The following columns are required:

COLUMN DESCRIPTION
chrom Chromosome
pos Positionm
freqs.FLAG A flag indicating certain categories of site. 'invar' indicates sites that are derived in all known hominins, and is used to calculate faunal contamination. 'transi' indicates transition sites. '.' is everything else.
v_gt Derived diploid genotype in Vindija 33.19 (0/1/2).
c_gt Derived diploid genotype in Chagyrskaya 8 (0/1/2).
a_gt Derived diploid genotype in the Altai Neandertal (0/1/2).
d_gt Derived diploid genotype in Denisova 5 (the high coverage Denisovan) (0/1/2).
sed_gt Derived haploid genotype in the sample of interest (0/1).
f_mh.yri Derived allele frequency in a modern human population - here, YRI.
deam53 Is this read deaminated (TRUE/FALSE)
lib Library ID

Example commands

sims=data/simulated_sfs.txt
genos=data/all_simple_gts.A16112.short3b.tsv.gz

time Rscript R/estim_branchpoints_from_sims.R \
    -gts $genos  \
    --sims $sims \
    -nc 1 \
    --tag-labels mylib \
    --tags A16112 \
    -sites all \
    --sim-method simple \
    --libs A16112 \
    -f-mh f_mh.yri \
    --n-qc1 0 \
    -table em_output.A16112.tsv \
    --faunal-der-rate 0.0 \
    --num-em-iters 100 \
    --ll-surface \
    --nsteps 0

This command creates the file em_output.A16112.tsv, which contains the MLE for faunal contamination, modern human contamination, branch, and branchtime, across all possible branches. To create a larger file with the MLE of contamination parameters for a random set of branchtimes on all branches, change the flag --nsteps 0 to --nsteps 1 or some other number, depending on the desired resolution.

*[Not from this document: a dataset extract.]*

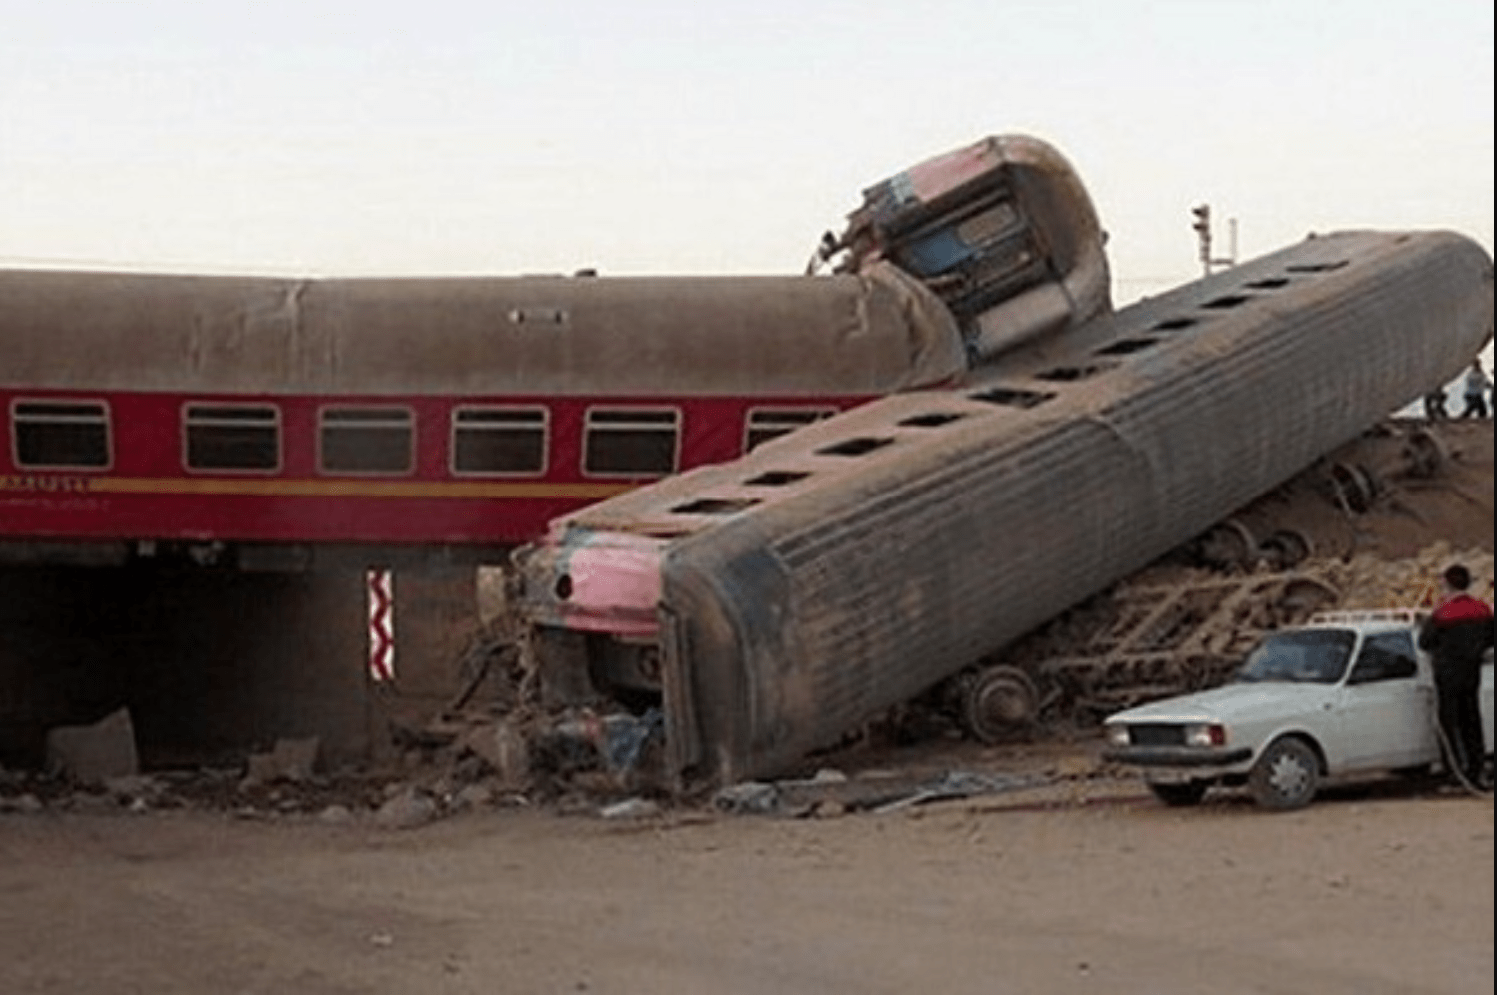 علت سانحه خروج قطار مسافربری مشهد یزد از ریل که 21 کشته بر جای گذاشت تصادف با بیل مکانیکی بوده است

The resulting output can be used to make likelihood surface plots across the entire tree, as shown in Figure 4d of the accompanying manuscript.

The format of em_output.A16112.tsv is:

rg mh_contam faunal_prop nsnps branchtime branch man.max.ll man.max.ll.last n.iter my.t.idx max.ll step.x mylib
A16112_rg_1_FALSE 0.01930535 4.00E-10 1616 0.82130775 v -261.27706 -261.27706 13 0 -261.27706 0 A16112
A16112_rg_1_TRUE 6.37E-10 9.07E-11 886 0.82130775 v -261.27706 -261.27706 13 0 -261.27706 0 A16112

With the following columns:

COLUMN DESCRIPTION
rg Read Group - this is a group of reads which are analyzed together. Typically, this is all deaminated (TRUE) or non-deaminated (FALSE) reads in one or more libraries.
mh_contam Maximum likelihood estimate (MLE) of modern human contamination in this read group.
faunal_prop MLE of faunal contamination in this read group.
nsnps Number of SNPs in this read group.
branchtime MLE branchtime - this is estimated on all read groups together (typically, deam and non-deam reads of one or more libraries).
branch MLE branch.
man.max.ll Log-Likelihood of MLE solutions.
man.max.ll.last Next-to-last log-likelihood (can be used to identify the change in LL in the last step).
n.iter Number of EM iterations performed.
my.t.idx When performing a likelihood surface calculation, which gridpoint is this?
max.ll When performing a likelihood surface calculation, the global maximum LL.
step.x When performing a likelihood surface calculation, the step in the grid search.
mylib Library ID (from column 'lib' in genotypes file).